We make one exception to the above technique. Because the off_t data type is the size of long long in some compilation environments, we cast off_t values to this type and use the %lld specifier, as described in I/O on Large Files.

In this section, we consider a few other portability issues that we may encounter when writing system programs.

Each UNIX implementation specifies a range of standard structures that are used in various system calls and library functions. As an example, consider the sembuf structure, which is used to represent a semaphore operation to be performed by the semop() system call:

struct sembuf {
    unsigned short sem_num;         /* Semaphore number */
    short          sem_op;          /* Operation to be performed */
    short          sem_flg;         /* Operation flags */
};

Although SUSv3 specifies structures such as sembuf, it is important to realize the following:

  • In general, the order of field definitions within such structures is not specified.

  • In some cases, extra implementation-specific fields may be included in such structures.

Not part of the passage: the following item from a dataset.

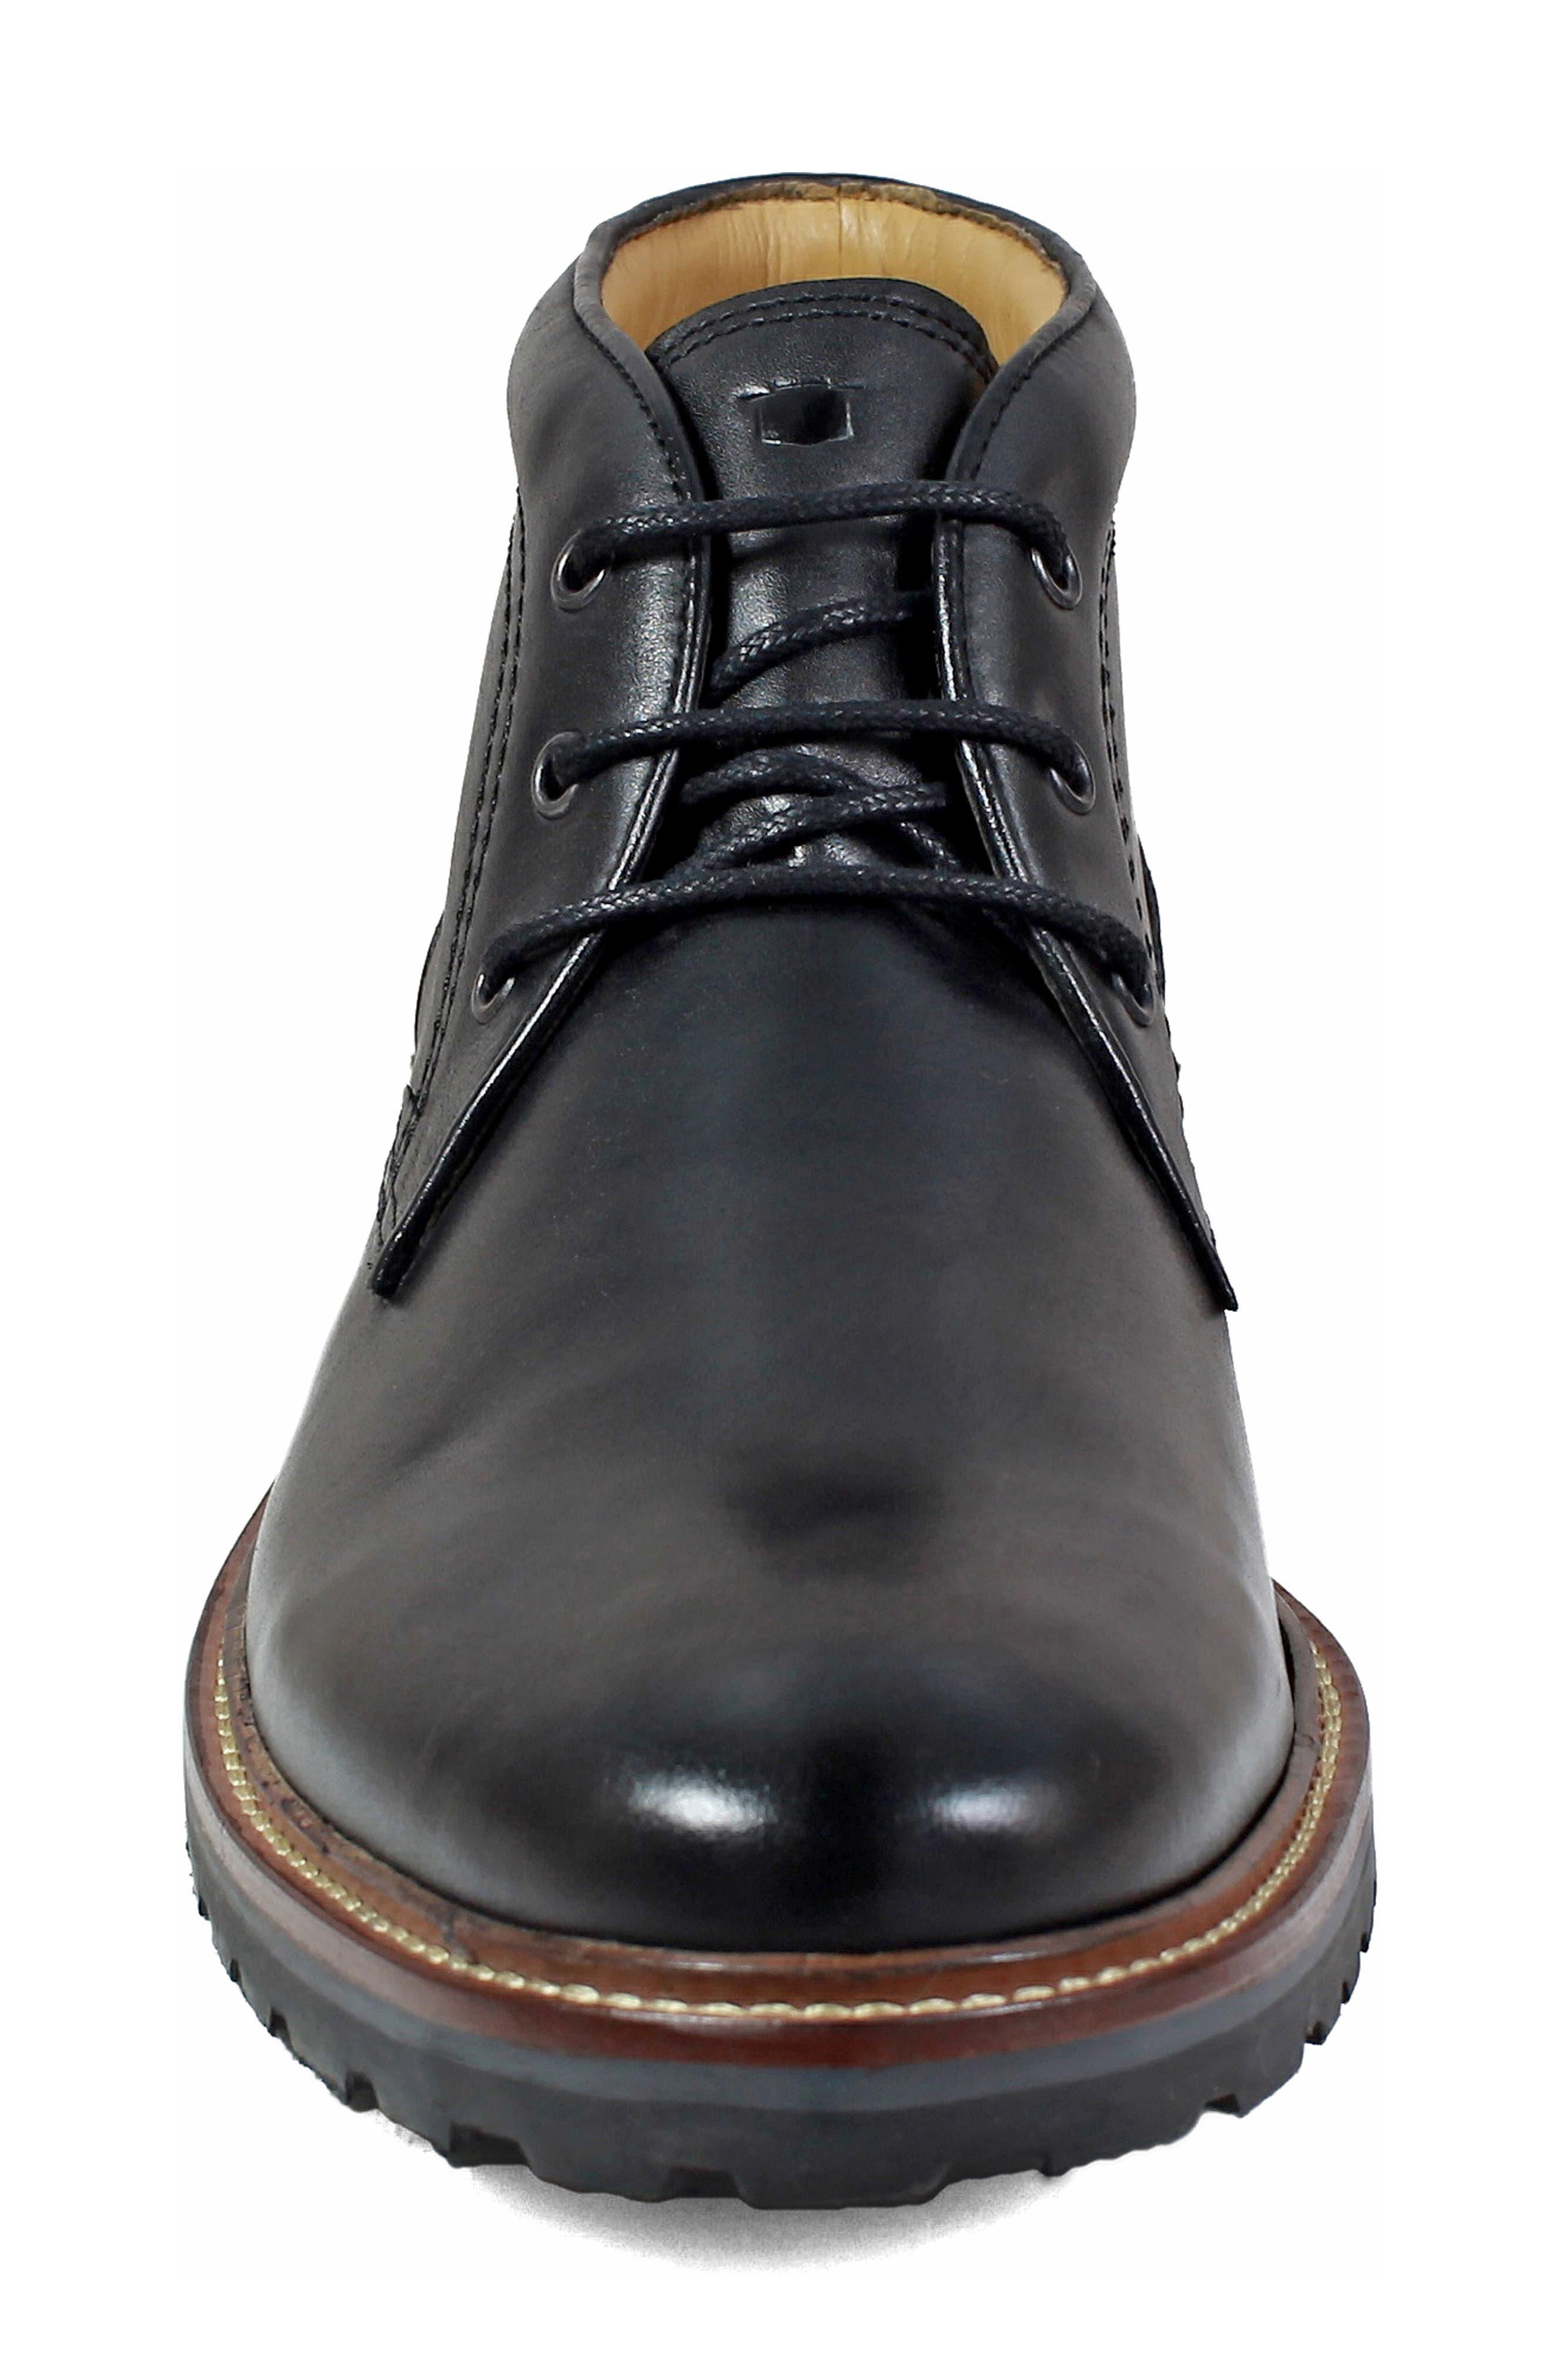 FLORSHEIM, Estabrook Lugged Chukka Boot, Alternate thumbnail 4, color, BLACK LEATHER

Consequently, it is not portable to use a structure initializer such as the following:

struct sembuf s = { 3, -1, SEM_UNDO };

Although this initializer will work on Linux, it won’t work on another implementation where the fields in the sembuf structure are defined in a different order. To portably initialize such structures, we must use explicit assignment statements, as in the following:

struct sembuf s;

s.sem_num = 3;
s.sem_op  = -1;
s.sem_flg = SEM_UNDO;

If we are using C99, then we can employ that language’s new syntax for structure initializers to write an equivalent initialization:

struct sembuf s = { .sem_num = 3, .sem_op = -1, .sem_flg = SEM_UNDO };

Considerations about the order of the members of standard structures also apply if we want to write the contents of a standard structure to a file. To do this portably, we can’t simply do a binary write of the structure. Instead, the structure fields must be written individually (probably in text form) in a specified order.